Gordon Brown has vowed to keep up the momentum towards delivering a binding international climate change agreement later this year, despite the recriminations that dominated the fallout from last month's Copenhagen summit.

Speaking in an interview with the BBC yesterday, Brown said he has a plan which he believes will ensure negotiations continue to progress ahead of the major UN climate change summit in Mexico in December, which is likely to mark the last chance to agree a treaty to replace the existing Kyoto Protocol before it expires in 2012.

"I've got an idea about how we can actually move this forward over the next few months and I'll be working on this," Brown said. "I think it's not impossible that the groundwork that was done at Copenhagen could lead to what you might call a global agreement that everybody is happy to stand by."

He failed to provide details of the plan, but insisted he could "see a way forward because what prevented an agreement was suspicion and fear and forms of protectionism that I think we've got to get over".

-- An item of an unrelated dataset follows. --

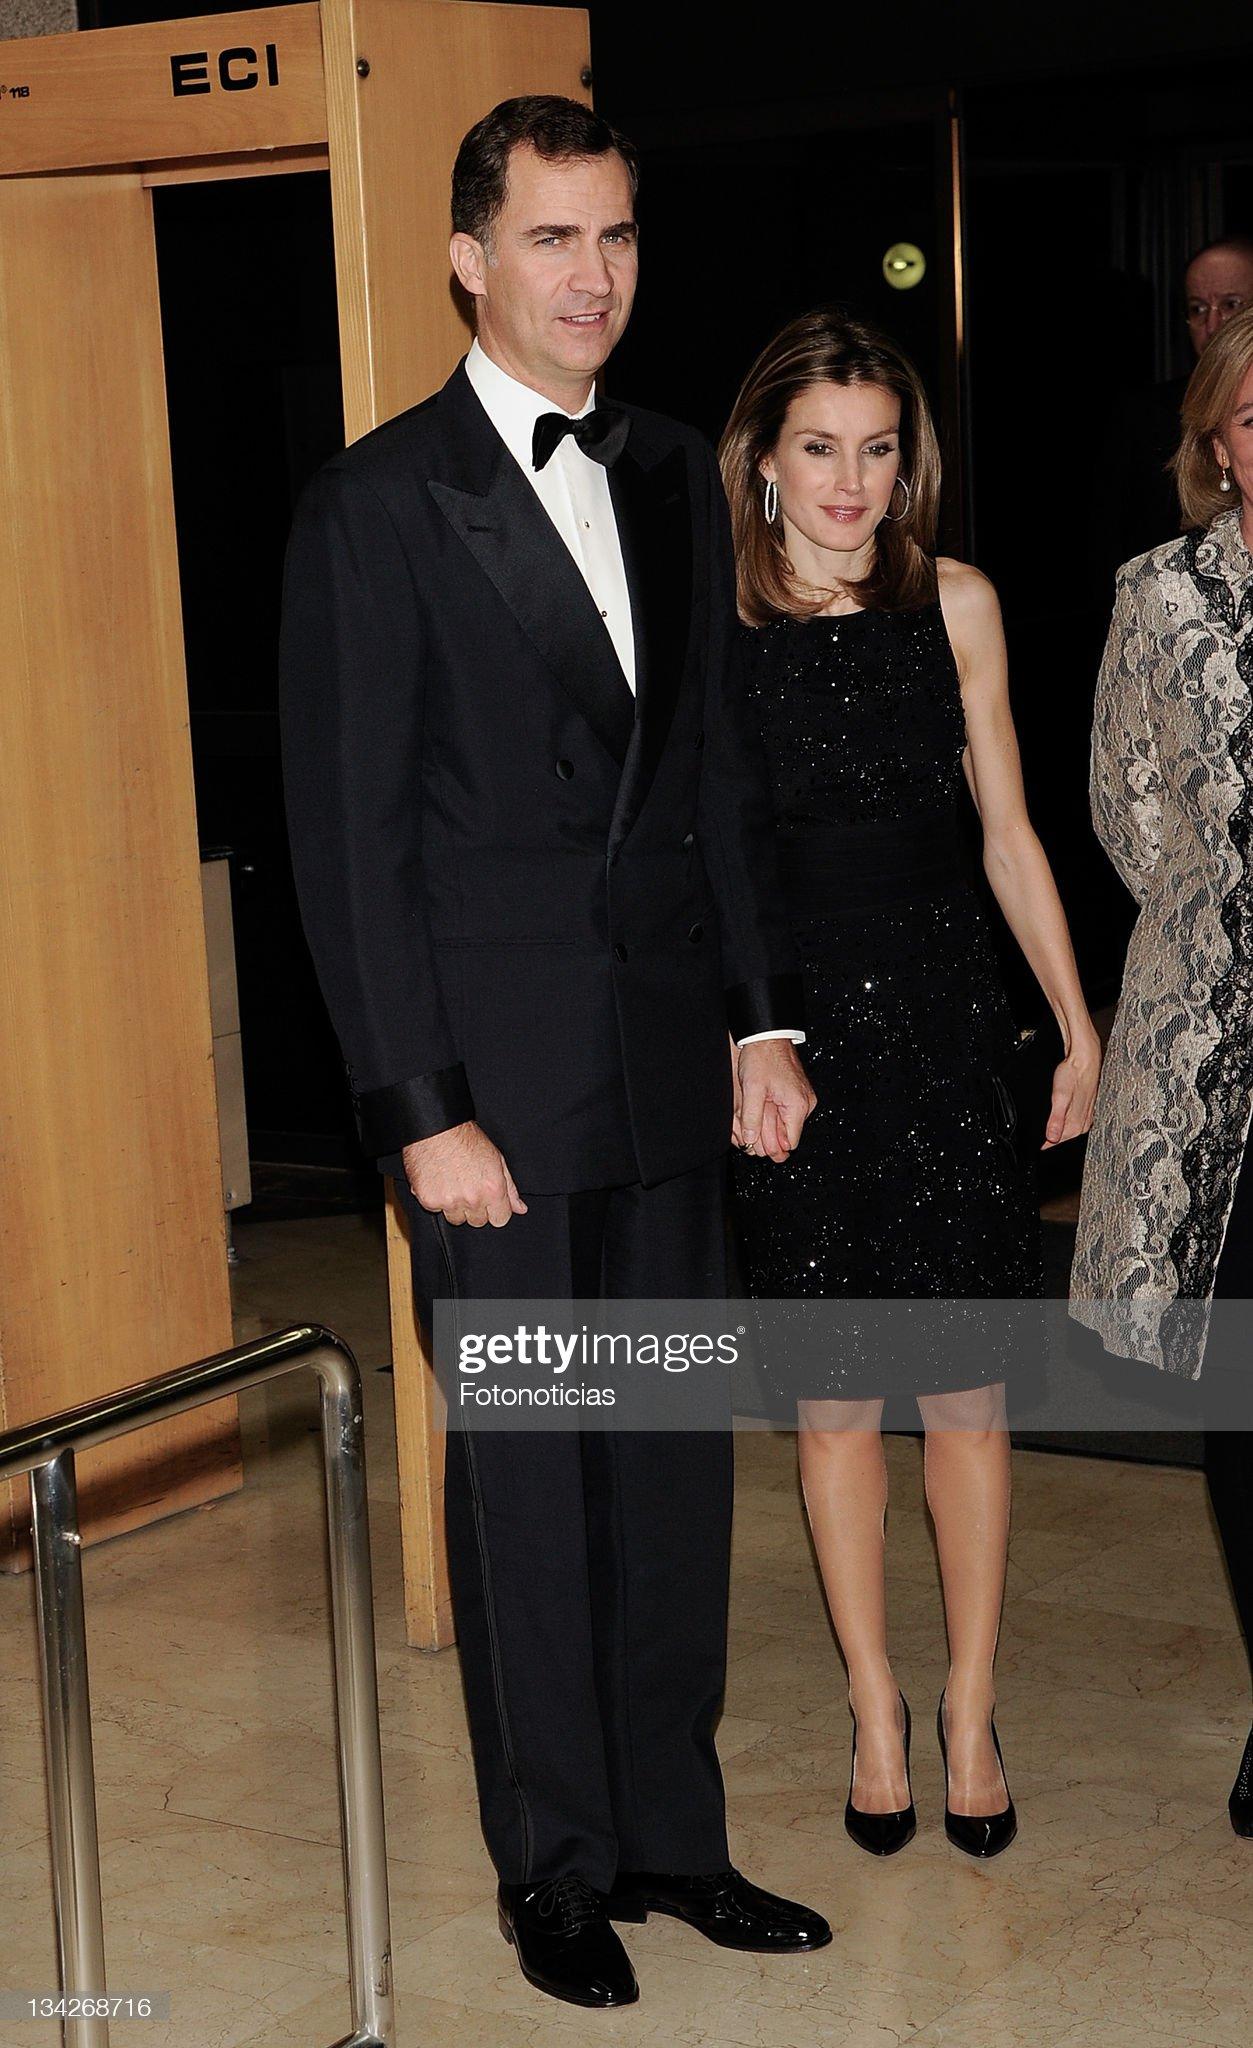 Вечерние наряды Королевы Летиции Spanish Royals Attend a Dinner in Honour of 'Mariano de Cavia', 'Mingote' and 'Luca de Tena' Awards Winners : News Photo

Despite the fact that diplomats are still digesting the fallout from last month's Copenhagen summit – which ended in acrimony after countries agreed only to take note of an accord that was widely criticised for failing to deliver detailed commitments to cut emissions – the negotiations are now entering a crucial few months.

By the end of January industrialised countries have to complete the first annex to the Copenhagen Accord by announcing emission reduction targets for 2020. Meanwhile, those developing economies that back the agreement are required to complete the second annex to the document by providing detailed climate change action plans.

A major meeting is scheduled for the German city of Bonn in the spring, where significant progress is expected on many of the key issues discussed in Copenhagen, including proposals to protect tropical forests, increase climate funding for developing countries, reform global carbon markets and establish a means of independently verifying countries' emission reductions.

However, any progress will have to overcome considerable bad feeling between industrialised countries and China, which has been further exacerbated after diplomats accused China's negotiators in Copenhagen of blocking any chance of a more ambitious agreement. Chinese officials rejected the criticism, accusing industrialised countries of failing to do enough to curb their own emissions.